If Y is a continuous numerical value, we say the problem is a case of
regression.
To develop classifiers, we first map the objects to be classified into
simple feature vectors. This step is known as feature
extraction. The features capture the aspects of the objects that
are relevant to the problem. We think of X as a vector of n variables
which characterize the input (x1...xn) - for most
classifiers, we encode the features into numerical values. The output is
called the label, and takes values over a discrete range (1..m).

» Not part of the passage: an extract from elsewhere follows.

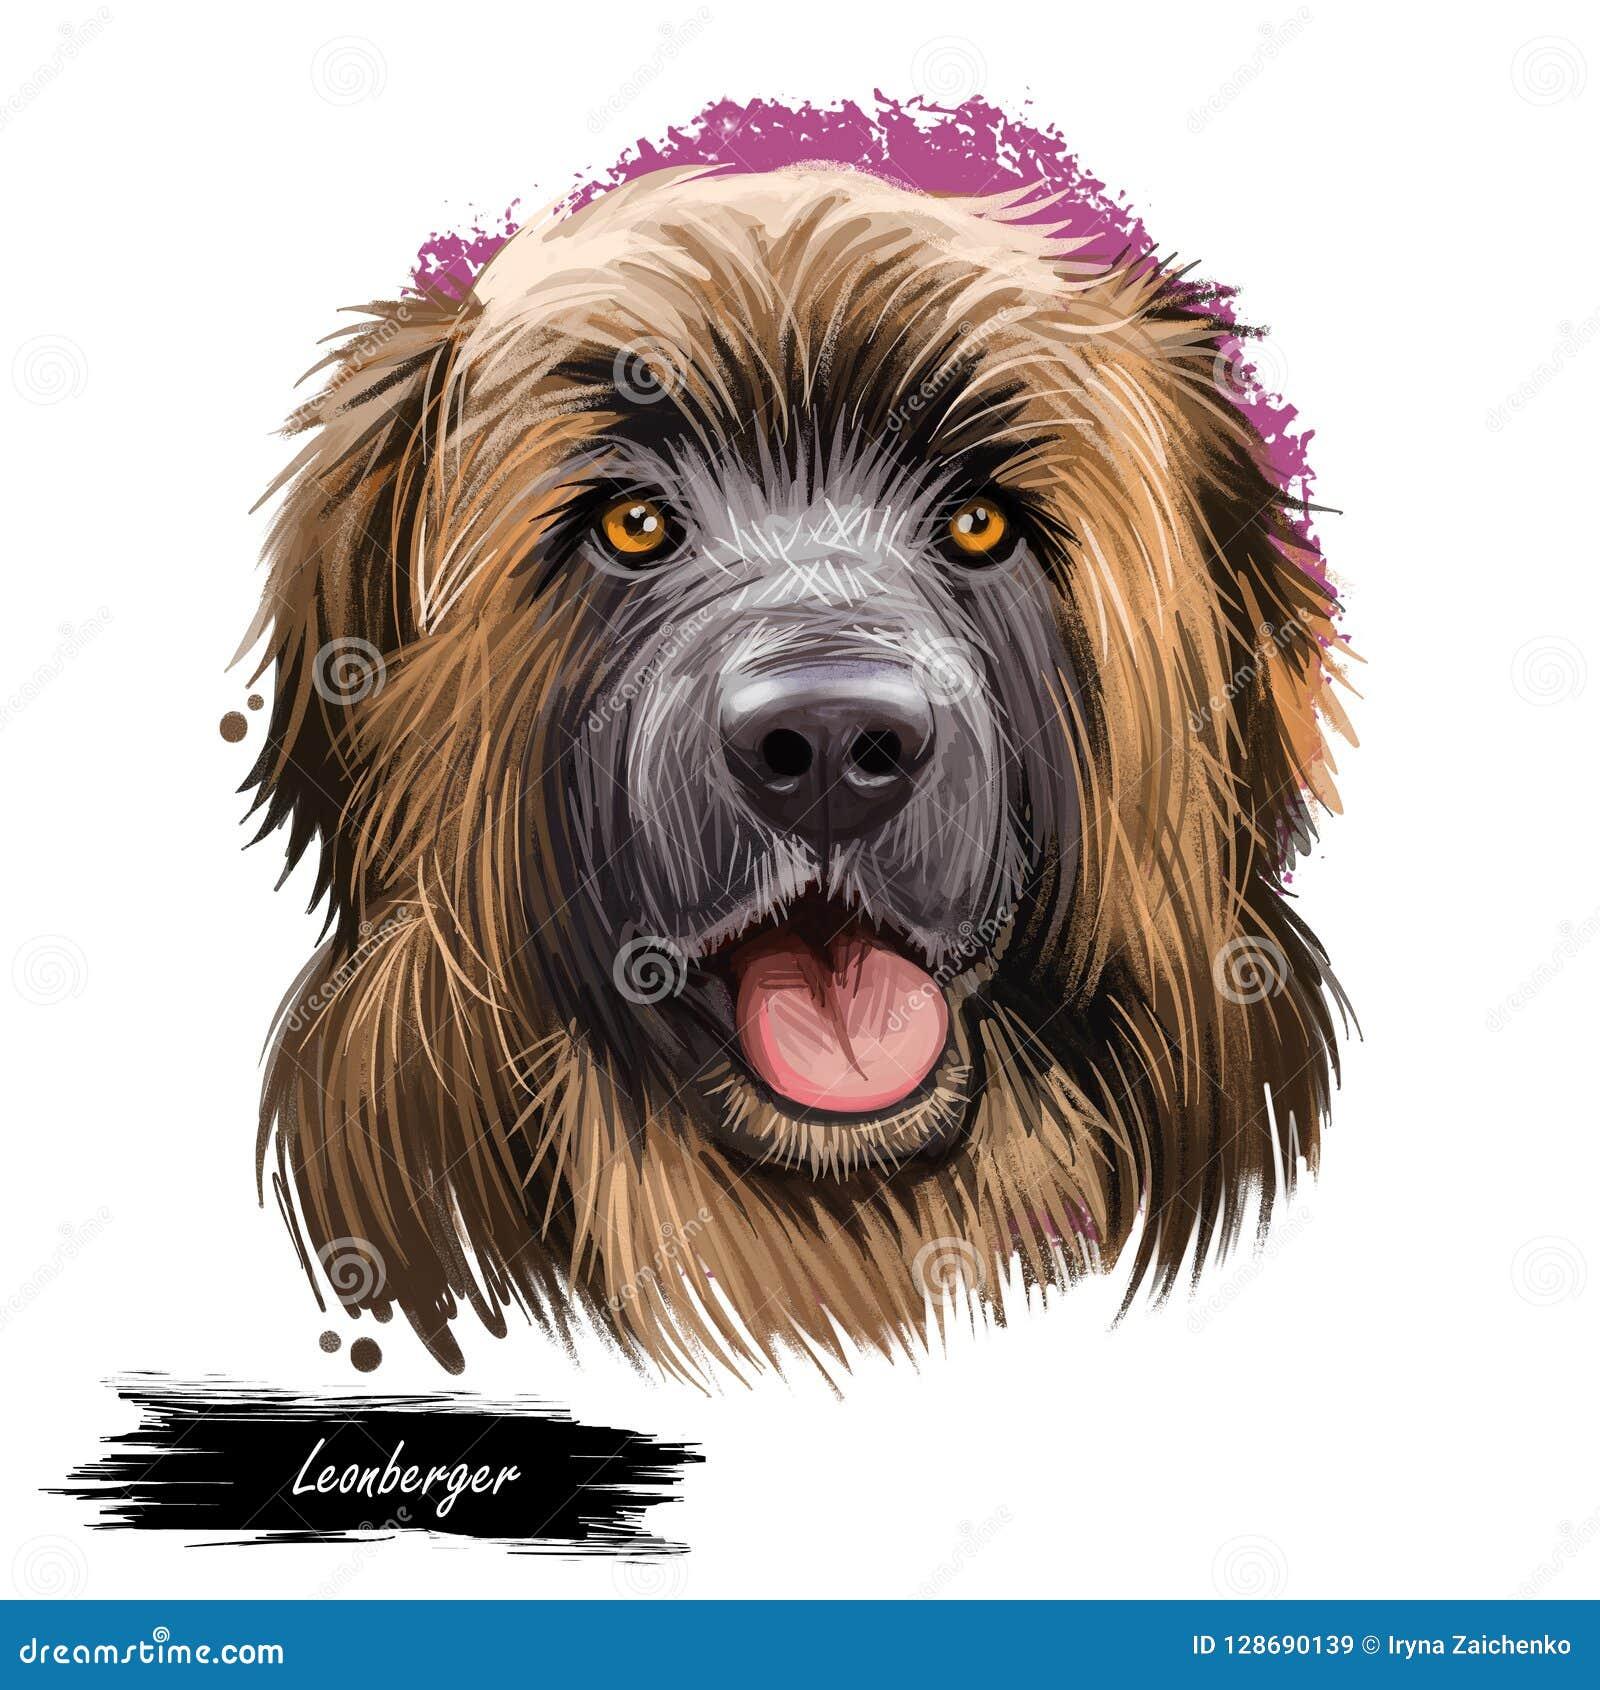 Do retrato gigante do close up da raça do cão da montanha de Leonberger ilustração digital da arte Puro-sangue delicado de leo do

The methodology to build a supervised classifier is the following:
- Gather a dataset {(Xi, Yi)} i in (1..N) --
where Xi is an object to classify (for NLP applications, objects can be words or sentences or documents) and
Yi is a label.
- Define a feature extractor - which maps objects Xi to
feature vectors (Xij) j in (1..d). Generally,
feature values are numerical values.
- Split the dataset into training and test sets. Split the training set into train and development set.
- Train a classifier model on the training set. Examples of
classifier models include Naive Bayes, Logistic Regression, Maximum Entropy,
Support Vector Machines (SVM), Perceptron and more.
- Measure the performance of the classifier using metrics: accuracy,
precision and recall per label value on the development set.
- Perform error analysis: list errors, observe confusion matrix.
- Hypothesize reasons for most common error types: missing data in
dataset, missing features, too many features. Improve the training set and/or the
feature extractor. Perform feature selection.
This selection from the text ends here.